Mounted at /content/drive


# Loading data and tokenization

In [2]:
def clean_data(dato_csv):
    """
    This function cleans the input DataFrame and ouput DataFrame.
    Remove Missing Values: Drops rows with any missing values.
    Convert to String: Ensures all data is treated as strings for consistency.
    Remove Duplicates: Drops duplicate rows.
    Filter Short Texts: Removes rows where the length of the text is less than 20 characters.
    Convert to Lowercase: Converts all text to lowercase.
    Remove Special Characters: Removes any characters that are not words or whitespace N = 20.
    """
    dato_csv = dato_csv.dropna()  # Remove rows with missing values
    dato_csv = dato_csv.astype(str)  # Convert all data to string
    dato_csv = dato_csv.drop_duplicates()  # Remove duplicate rows
    dato_csv = dato_csv[dato_csv['text'].str.len() >= 20]  # Remove rows where 'text' length is less than 20

    # esto ya lo hace por defecto tfidvecotirzer:
    #for column in dato_csv.columns:
        #dato_csv[column] = dato_csv[column].str.lower()  # Convert to lowercase-->done dirctly by TFIDvectorizer
       # dato_csv[column] = dato_csv[column].apply(lambda x: re.sub(r'[^\w\s]', '', x))  # Remove special characters

    return dato_csv

In [6]:
# File paths for input CSV files

file_path_test = 'data/test.csv'
file_path_train = 'data/train.csv'


#file_path_test = '/content/drive/My Drive/DATALAB/test.csv'

#file_path_train = '/content/drive/My Drive/DATALAB/train.csv'


# Read CSV files
df_test = pd.read_csv(file_path_test)
df_train = pd.read_csv(file_path_train)

# Clean data
df_test = clean_data(df_test)
df_train = clean_data(df_train)


print(df_train.head())

  id                                              title              author  \
0  0  House Dem Aide: We Didn’t Even See Comey’s Let...       Darrell Lucus   
1  1  FLYNN: Hillary Clinton, Big Woman on Campus - ...     Daniel J. Flynn   
2  2                  Why the Truth Might Get You Fired  Consortiumnews.com   
3  3  15 Civilians Killed In Single US Airstrike Hav...     Jessica Purkiss   
4  4  Iranian woman jailed for fictional unpublished...      Howard Portnoy   

                                                text label  
0  House Dem Aide: We Didn’t Even See Comey’s Let...     1  
1  Ever get the feeling your life circles the rou...     0  
2  Why the Truth Might Get You Fired October 29, ...     1  
3  Videos 15 Civilians Killed In Single US Airstr...     1  
4  Print \nAn Iranian woman has been sentenced to...     1  


# We keep only the text in English

In [7]:
# Function to detect and filter only English text from a corpus and edit the original DataFrame
def filter_english_text_edit_df(df: pd.DataFrame, text_column: str) -> pd.DataFrame:
    # Initialize an empty list to store indices of rows to keep
    keep_indices = []

    # Iterate over each row in the DataFrame
    for index, row in df.iterrows():
        text = row[text_column]
        try:
            # Detect the language of the text
            if detect(text) == 'en':
                # If the language is English, add the index to the list of keep_indices
                keep_indices.append(index)
        except:
            # If language detection fails (raises an exception), skip the text
            pass

    # Filter the original DataFrame to keep only the rows where text is in English
    filtered_df = df.loc[keep_indices].reset_index(drop=True)

    return filtered_df

# VECTORIZATION: Language detection function and TF-IDF vectors.
We save the unigrams TF-IDF vectors (single words) and bigrams TF-IDF vectors (pairs of consecutive words).

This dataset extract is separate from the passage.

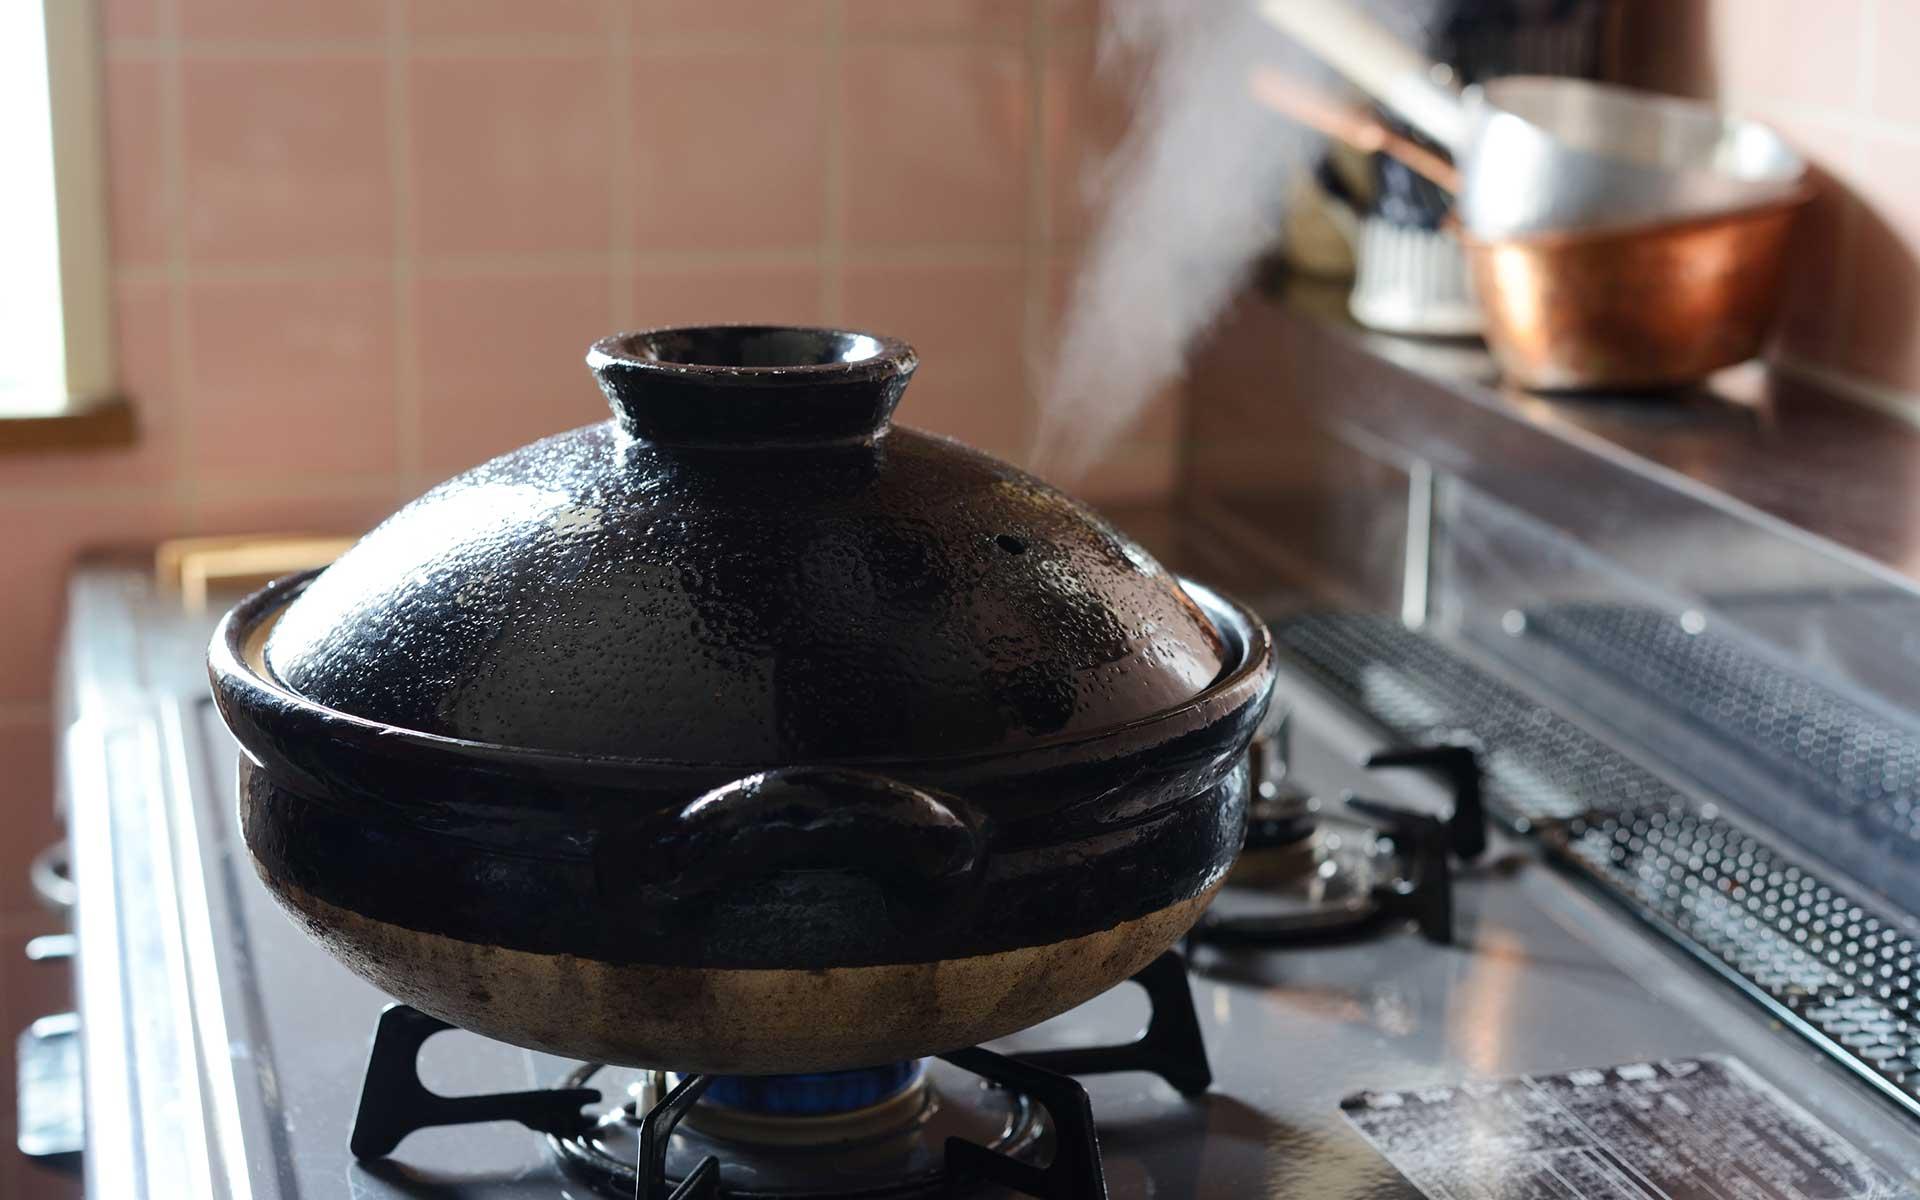 炊き上がりがまるで違う。旨味を引き出す土鍋の秘密

We create visualizations to show the distribution of the vectors and how the unigrams and bigrams are repeated in the case of fake or real news.

In [8]:
# Function to vectorize text using TF-IDF
def get_tfidf_vectors(corpus: np.ndarray, stop_words: str, max_features: int, n: int) -> np.ndarray:
    # Create a TfidfVectorizer object with the given parameters:
    # - stop_words: language for stop words (e.g., 'english') or None to include all words
    # - max_features: maximum number of features (terms) to consider when vectorizing
    # - ngram_range: range of n-grams to consider; (n, n) means only n-grams of size 'n'
    vectorizer = TfidfVectorizer(stop_words=stop_words, max_features=max_features, ngram_range=(n, n))

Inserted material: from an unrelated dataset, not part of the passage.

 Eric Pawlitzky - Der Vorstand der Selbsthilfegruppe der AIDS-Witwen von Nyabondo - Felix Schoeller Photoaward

    # Fit the vectorizer to the corpus and transform the text data into TF-IDF vectors
    vectorized = vectorizer.fit_transform(corpus)

    # Return the resulting TF-IDF vectors
    return vectorized

In [9]:
# Filter to only include English text
df_train_en = filter_english_text_edit_df(df_train, 'text')


labels1 = df_train_en.copy()['label'].values
labels = [int(label) for label in labels1]
filtered_corpus = df_train_en.copy()['text'].values

max_features = 30  #esto se puede cambiar

unigram_vectors_without_stopwords = get_tfidf_vectors(filtered_corpus, 'english', max_features, 1)
bigram_vectors_without_stopwords = get_tfidf_vectors(filtered_corpus, 'english', max_features, 2)


In [10]:
#separo en train y validation: Uso X=los vectores que calcule a partir de la amtrix Tfid (en este caso unigramas).
# y como 'y' a los labels.

X_train, X_test, y_train, y_test = train_test_split(unigram_vectors_without_stopwords, labels, random_state=1)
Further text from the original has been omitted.